The Equity Issue
Some say that homework favors more advantaged students who have access to technology at home and, likely, an engaged parent to help them complete assignments.
Because of this inequality issue, last fall the French government proposed eliminating homework in elementary and junior high school, arguing that it puts poorer students at a disadvantage. Greg Green, principal of the flipped Clintondale High School in the Clintondale (Mich.) Community School District, agrees, and believes flipped learning provides all students a chance to succeed by doing school work under teacher supervision, and receiving immediate feedback. “It really levels the playing field for kids,” Green says. “Not all students have a support mechanism, when practicing and going through work. We want any student who’s going through the learning process to be with the expert, and understand things before they leave the facility.”
With at-home assignments that increasingly require technology and internet access, districts must consider options for students who may not have such tools at home. At Clinton- dale, students can use school computers to complete their homework assignments if they lack the resources or a good working environment at home, Green says.
At Florida Virtual School (FLVS), an online K12 public school, students have access to virtual learning labs in both classrooms and libraries as well, according to Michelle Licata, the 2012 FLVS teacher of the year award recipient. FLVS also implemented a Laptop for Learners program, Licata says, which loans laptops to students in need while they complete their courses.

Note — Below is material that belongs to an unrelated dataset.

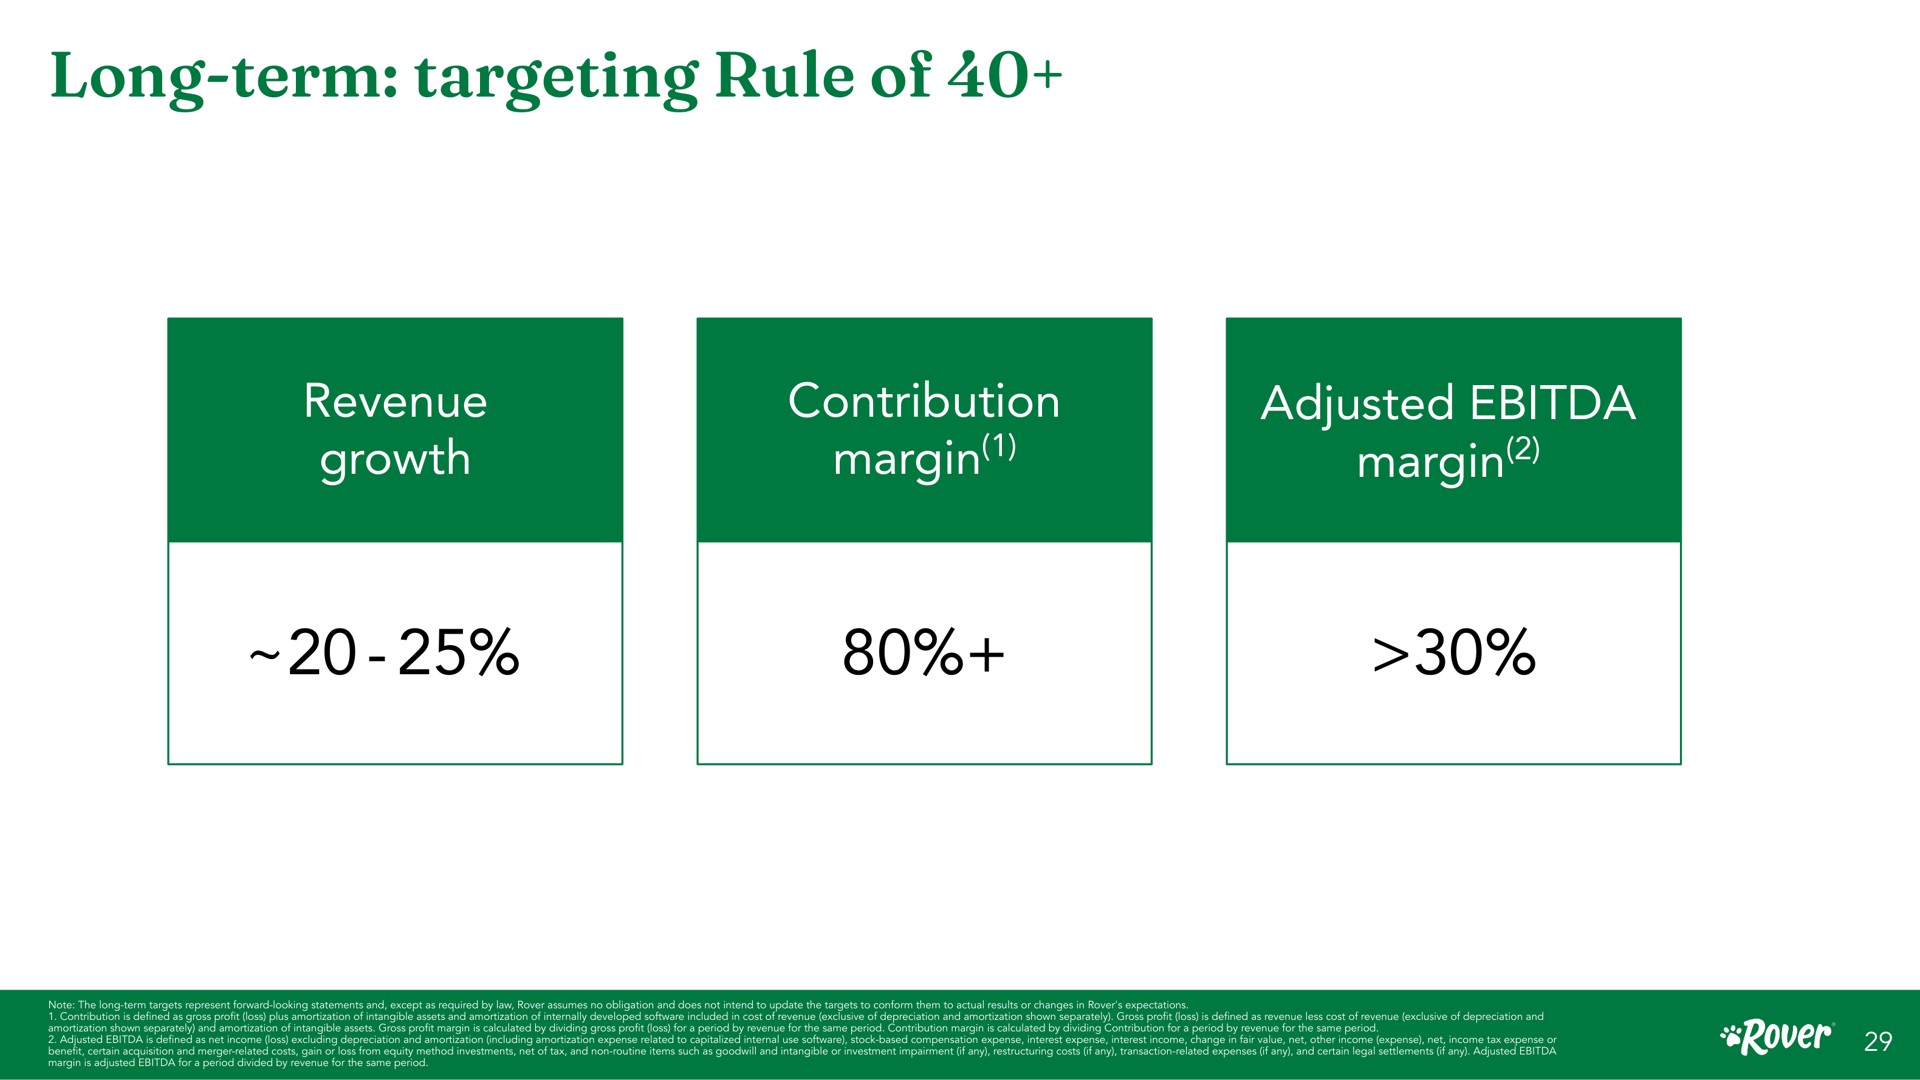 long term targeting rule of revenue growth contribution margin adjusted margin term is for a period divided by for the same period nema a as motes teeters ere a caked is defined end panels loft toe impairment if any costs if any transaction related expenses if any and certain legal settlements if any cal cur ess earn exclusive depreciation and amortization shown separately gross nae tee a tui as gross profit loss plus amortization intangible assets and amortization internally developed included in cost profit loss is defined as less cost exclusive depreciation and chee eke unmade hell eas mae ase equity method investments net tax and non routine items such as goodwill and intangible or in eaters to gain or loss from related costs | Rover

Increasing access to smartphones, on which students can do research or watch videos, across socioeconomic classes in recent years is also helping bridge the gap. “There are still concerns around the digital divide. But if you look at reports, we’re seeing that trend on the decline,” says Greg Levin, senior vice president of school solutions for K12, Inc. “It’s definitely not erased, and there are socioeconomically disadvantaged families who maybe don’t have access, but with cell phones, you’re seeing that not be as much of an issue.”